The two bookshelves on the landing were emptied and reduced to their component parts. I've advertised them round the church group as we don't intend to put them back. All the books are in the son's bedroom. The plan is to select the few, VERY FEW, books we wish to keep, and send all the others on their way. (Son and daughter, take note!)
The top of one of the bookshelves is a bit damaged; this happened when Himself made a sudden and unexpected descent from the loft many years ago. We are eternally gratefully to that bookshelf for saving him from a headlong tumble over the banister and down the stairs.
We have a stack of cassettes to go - mostly nursery rhymes and Thomas the Tank Engine stories... speak now, or forever hold your peace.
All the house plants are sitting disconsolately on the patio outside in the rain. I'm hoping it doesn't freeze (although that would solve the aloe vera problem).
While clearing the hall I discovered a massive pile of those charity collection bags that get shoved through the letterbox several times a week (oh, to be living up a muddy lane rather than in a suburban street). One was clearly biodegradable. I thought I had taken a picture of the heap of confetti surrounding the couple of items waiting to go to some charity... but it's not there on my phone.
The hall is in a state that no-one has seen since it was last painted about twenty-five or more years ago.
However the dining room table is worse than ever
and the heaps have invaded half the floor space.
(A cello, a djembe, a saxophone and three bags for the samba drums.

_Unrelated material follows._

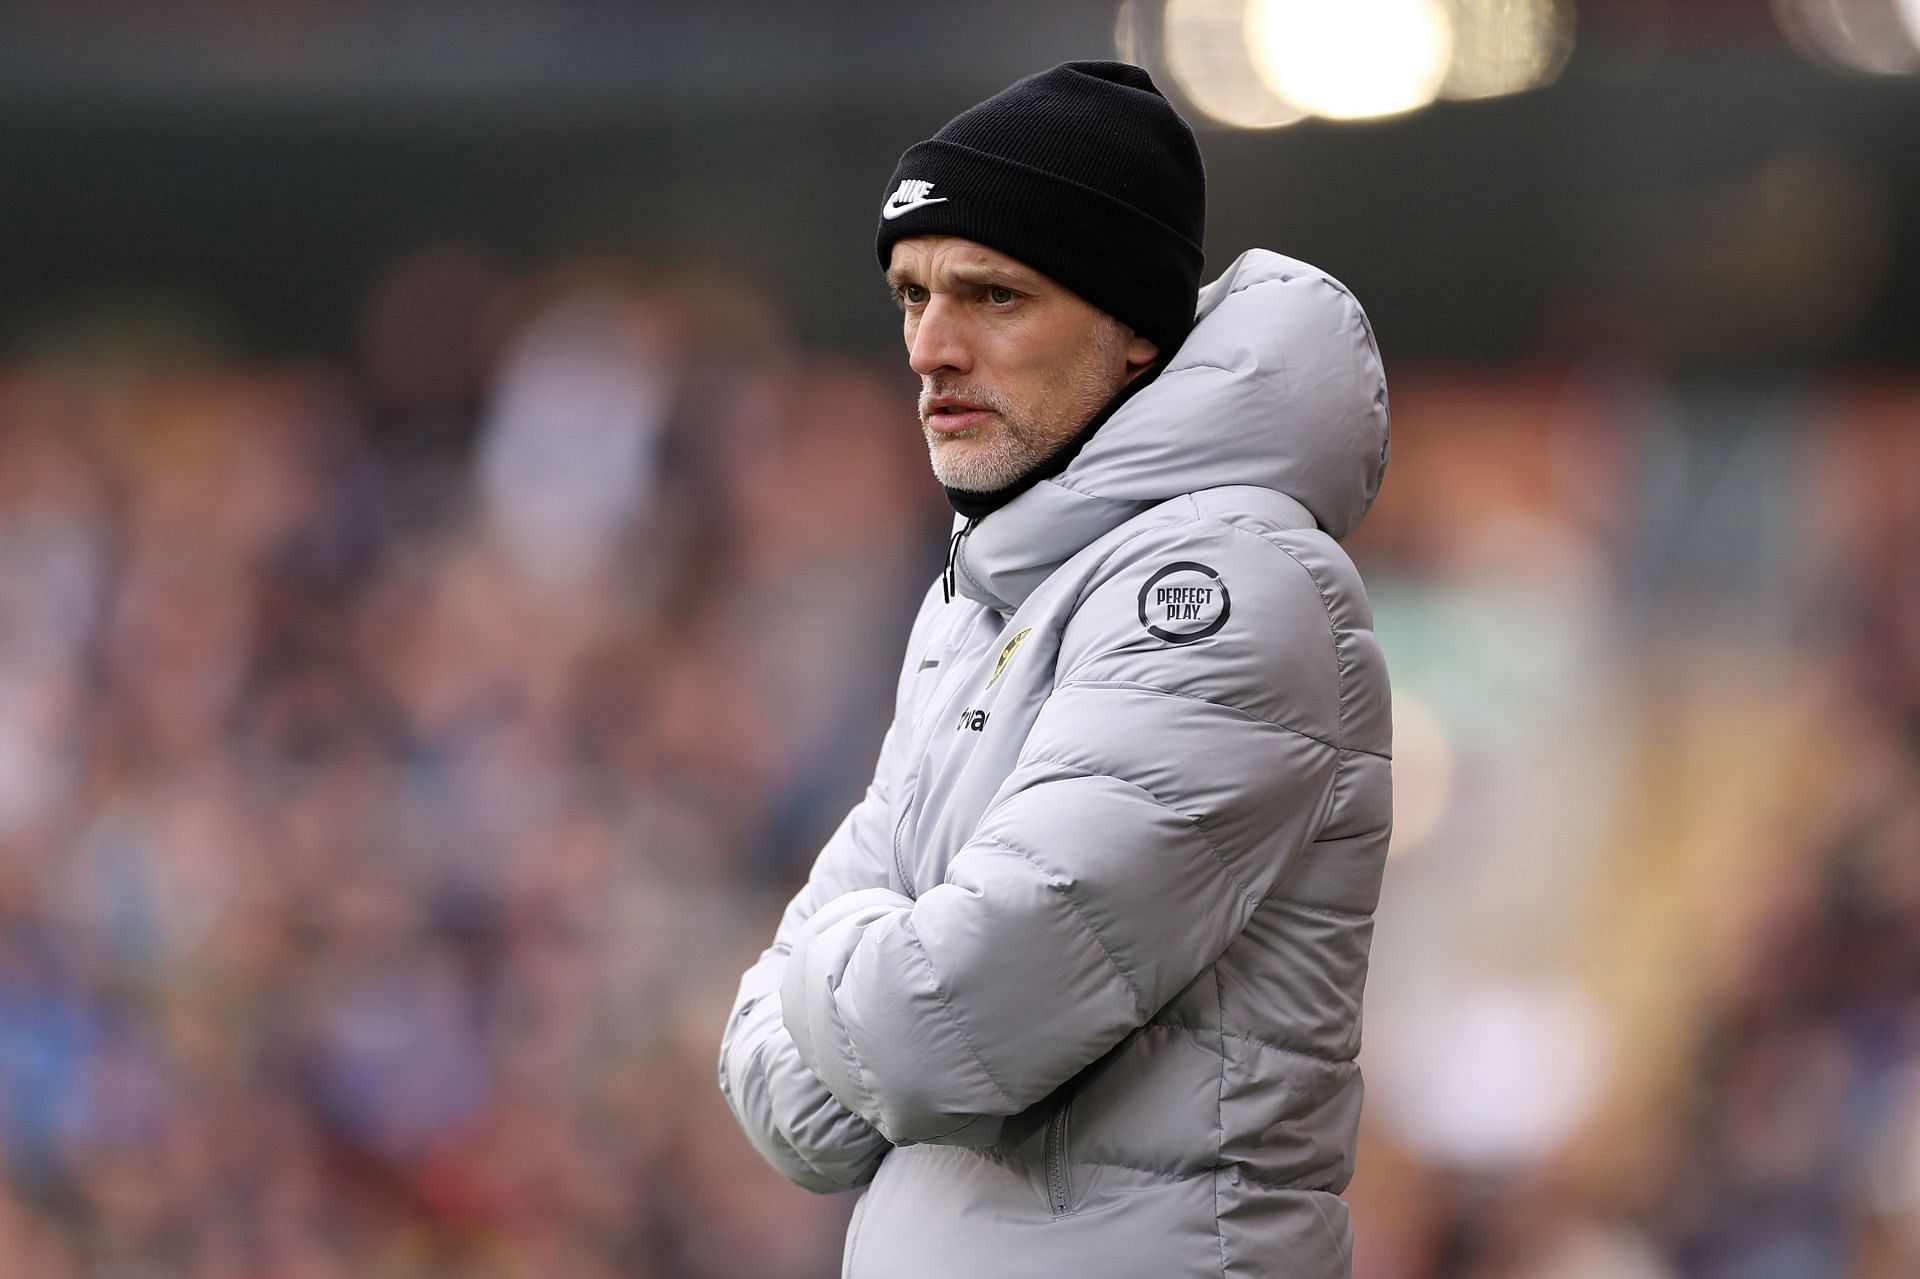 Chelsea manager Thomas Tuchel scripted a morale-boosting win over Southampton.

The place mats are sitting on a cajun)
It's all a bit overwhelming. And it's not as though I did most of the work - holding bits and pieces while hooks and pictures were taken down, carrying one or two boxes upstairs, was about the limit of my usefulness. We went out for lunch in order to buck ourselves up ready to finish the job. Right now I'm thinking that retiring to bed for a couple of weeks with books and boxes of chocolates might be a most desirable thing.